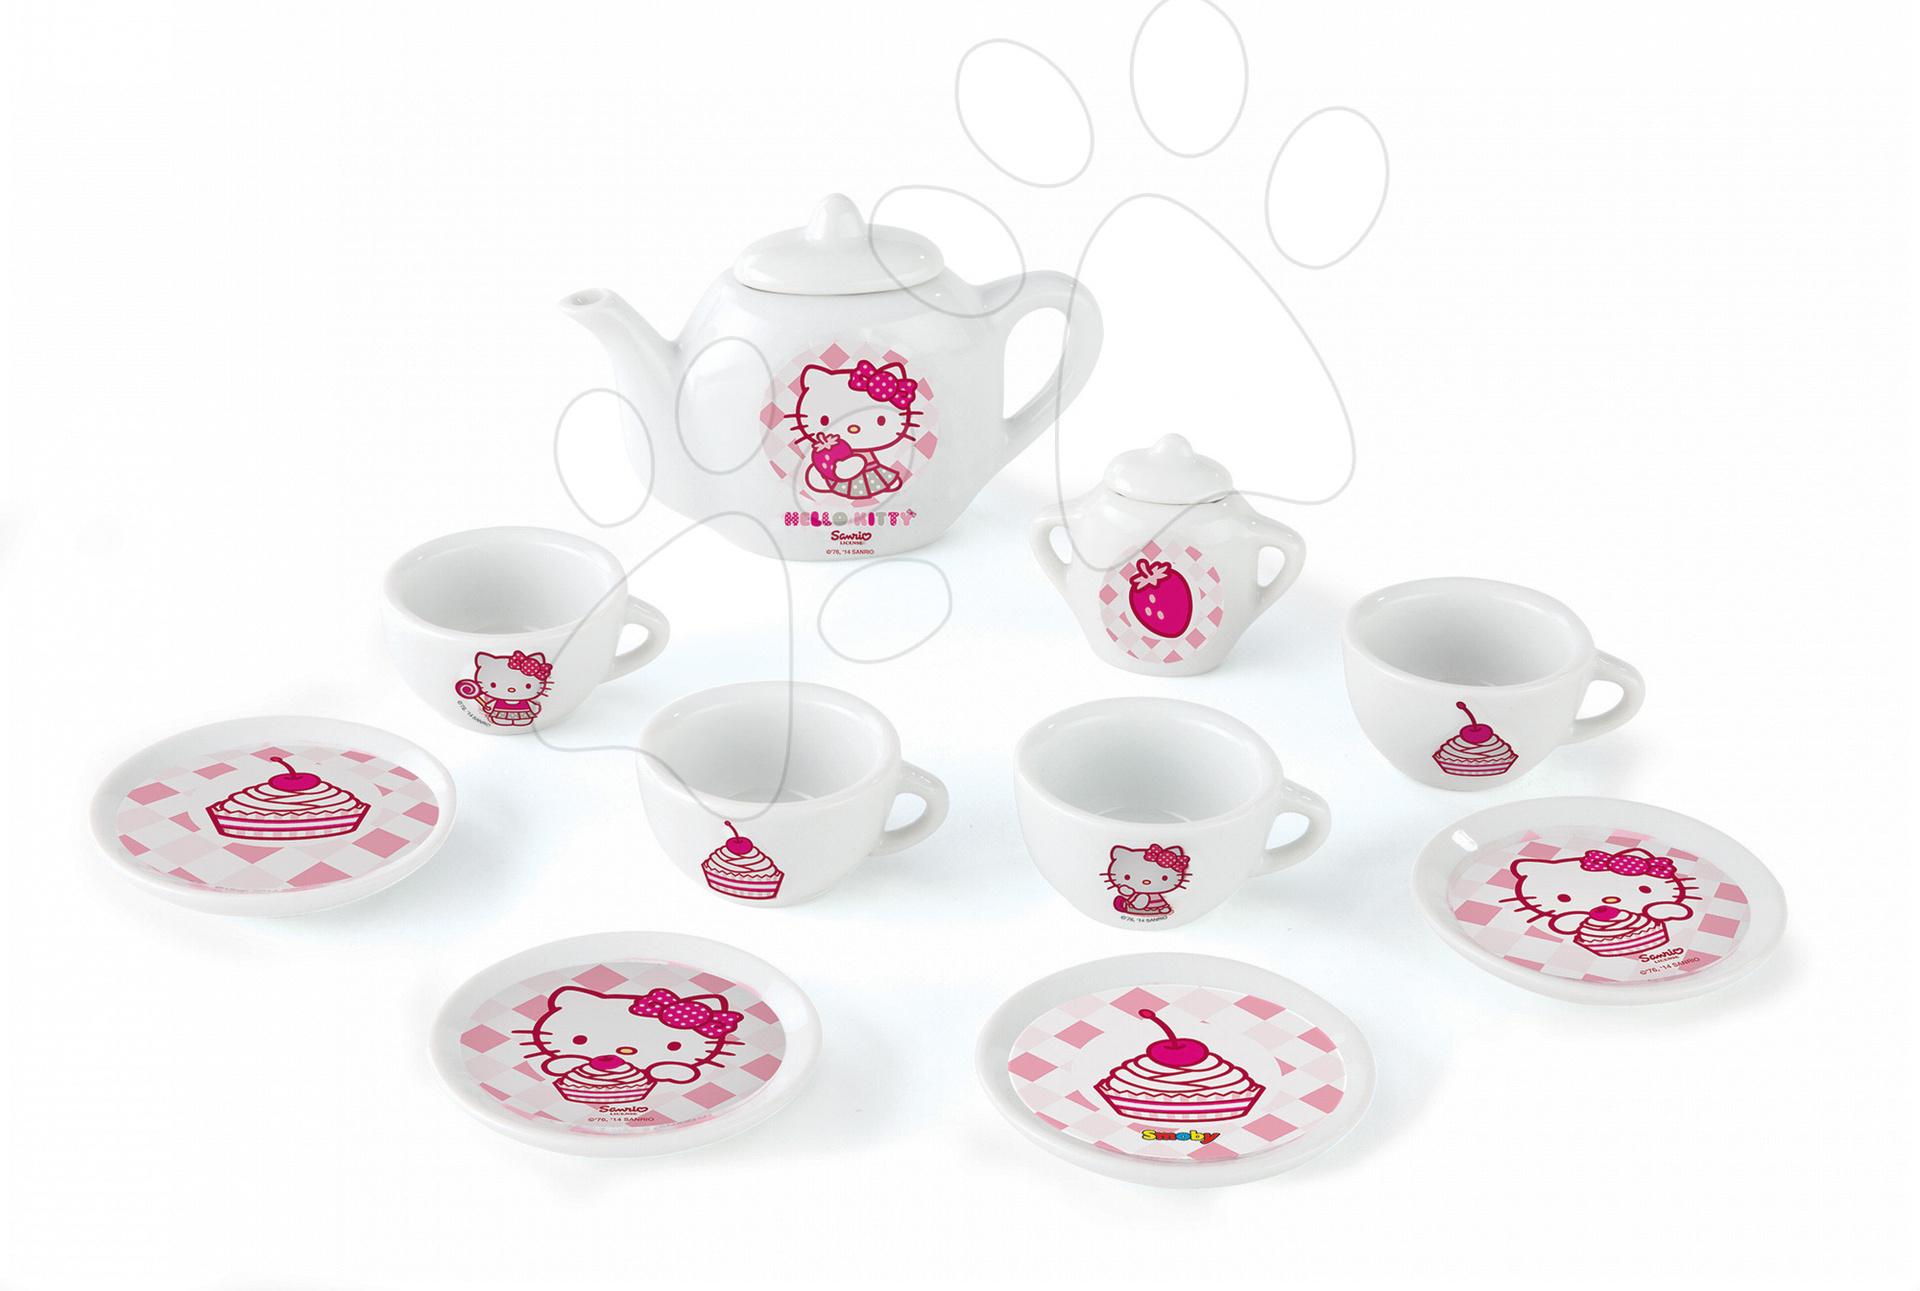 Riadíky a doplnky kuchynky - Čajová súprava Hello Kitty Smoby porcelánová s 12 doplnkami
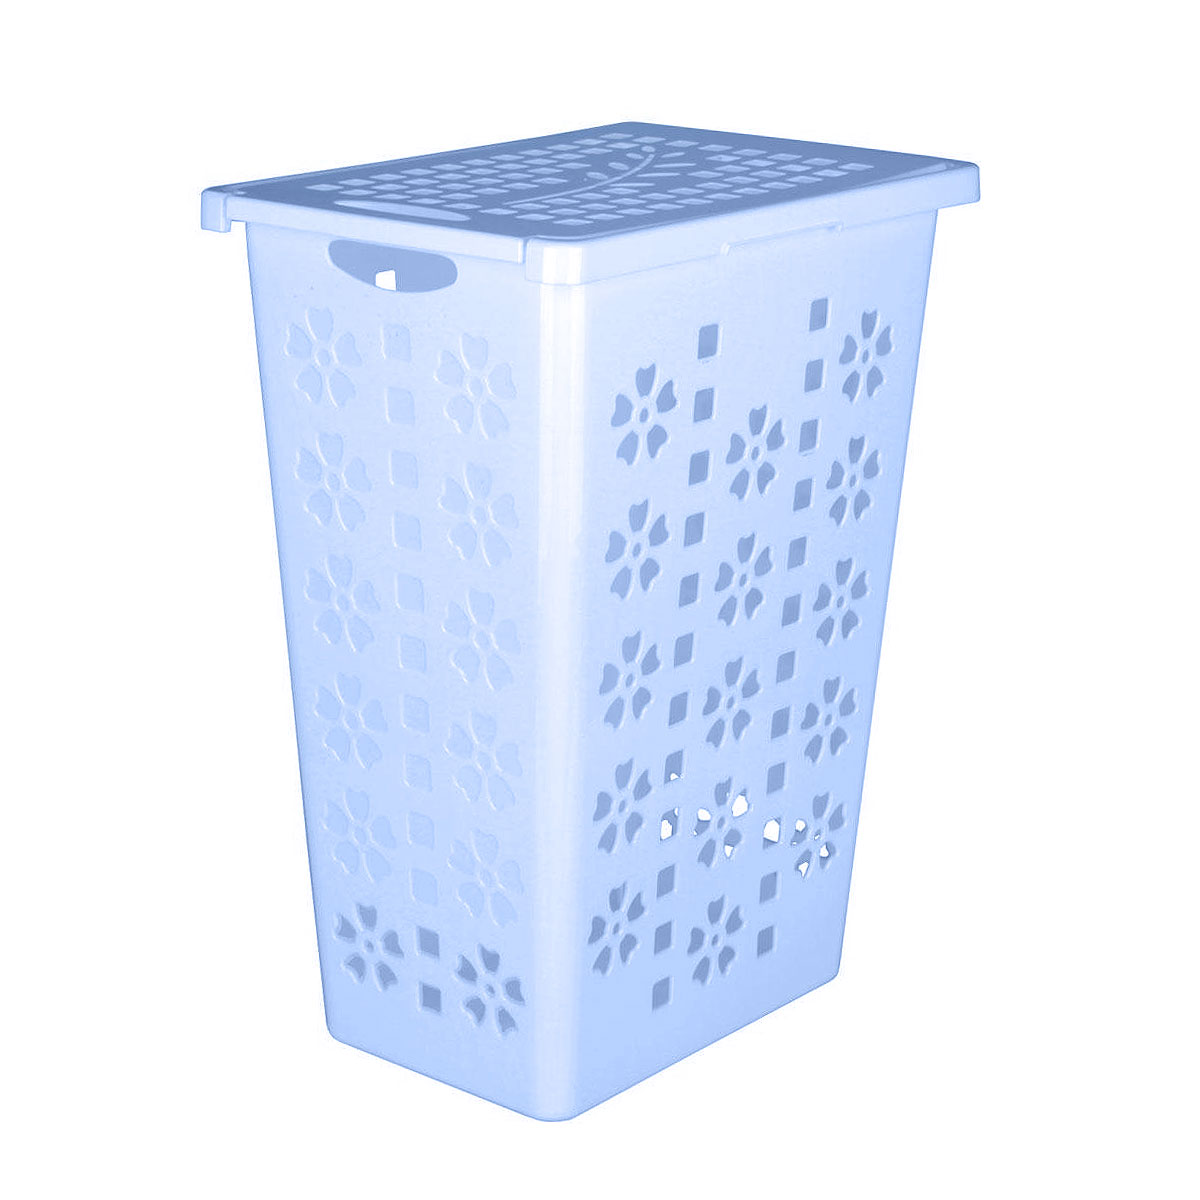 Корзина для белья Альтернатива Виолетта, цвет: голубой, 30 лМ2444Легкая и удобная корзина Альтернатива Виолетта прямоугольной формы, изготовлена из пластика. Она отлично подойдет для хранения белья перед стиркой. Корзина, декорированная небольшими отверстиями в форме цветов и квадратиков, скрывает содержимое корзины от посторонних. Отверстия создают идеальные условия для проветривания. Изделие оснащено крышкой и отверстием для переноски корзины. Такая корзина для белья прекрасно впишется в интерьер ванной комнаты. Объем: 30 л. Размер корзины: 36,5 см х 25 см х 48 см.
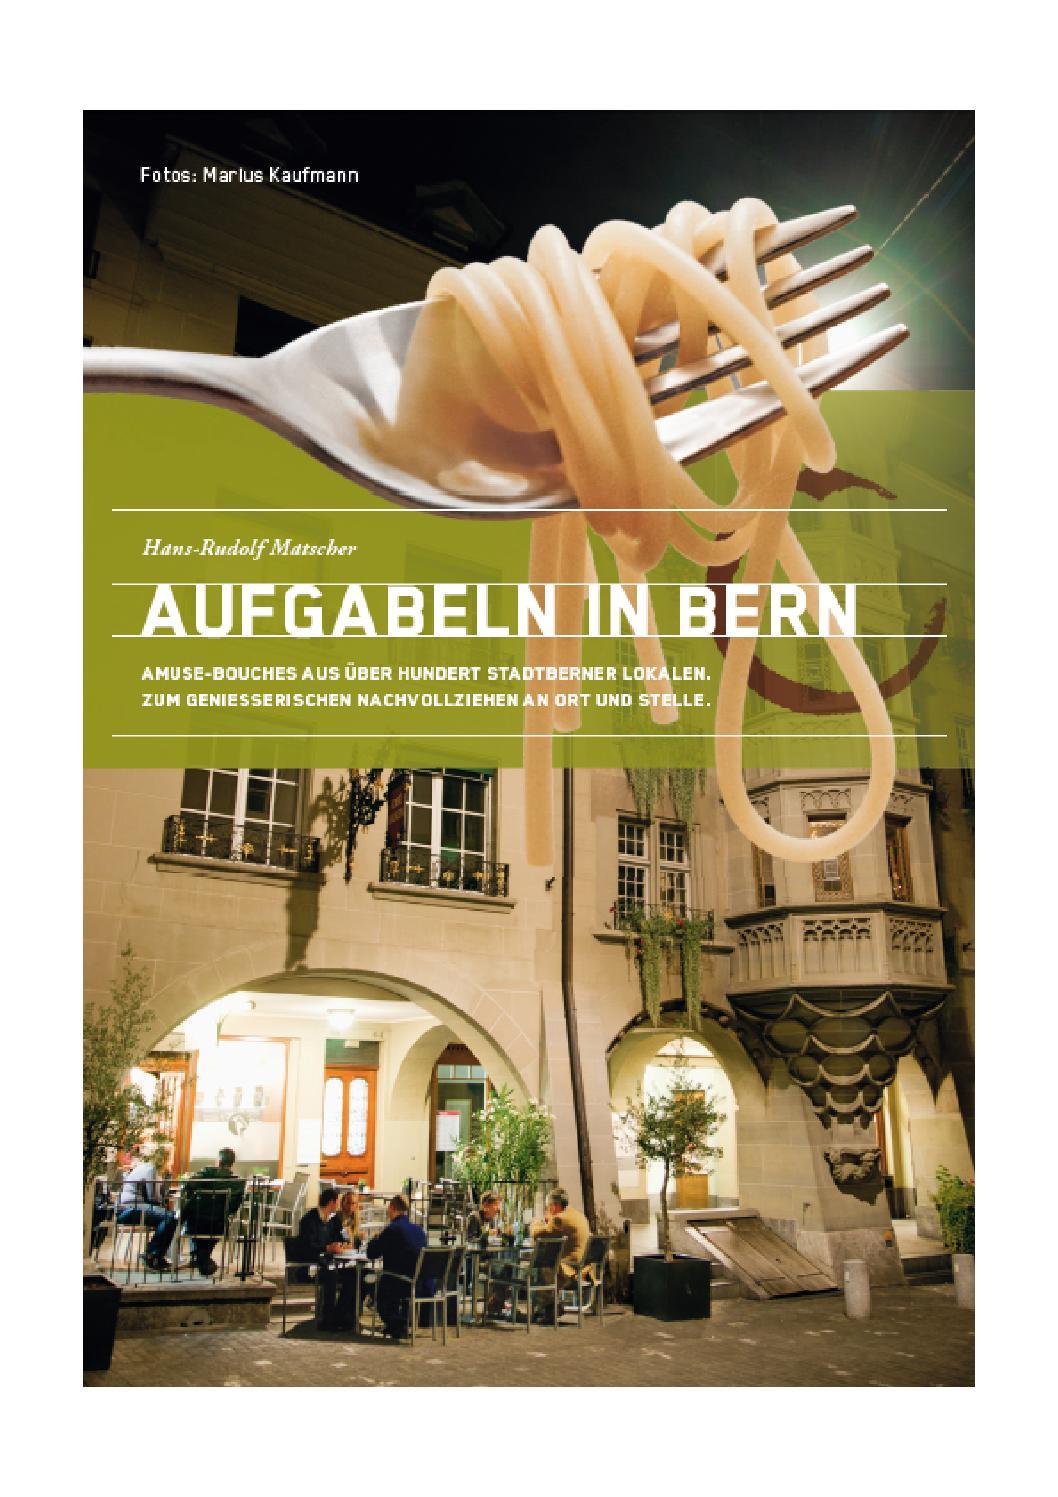 AUFGABELN IN BERN
◇ ◇ ◇ ◇ ◇ ◇ ◇
# ACTIVITY:
The answer must be the data above, repeated exactly, with no pictures.

# RESULT:
 Riadíky a doplnky kuchynky - Čajová súprava Hello Kitty Smoby porcelánová s 12 doplnkami
 Корзина для белья Альтернатива Виолетта, цвет: голубой, 30 лМ2444Легкая и удобная корзина Альтернатива Виолетта прямоугольной формы, изготовлена из пластика. Она отлично подойдет для хранения белья перед стиркой. Корзина, декорированная небольшими отверстиями в форме цветов и квадратиков, скрывает содержимое корзины от посторонних. Отверстия создают идеальные условия для проветривания. Изделие оснащено крышкой и отверстием для переноски корзины. Такая корзина для белья прекрасно впишется в интерьер ванной комнаты. Объем: 30 л. Размер корзины: 36,5 см х 25 см х 48 см.
 AUFGABELN IN BERN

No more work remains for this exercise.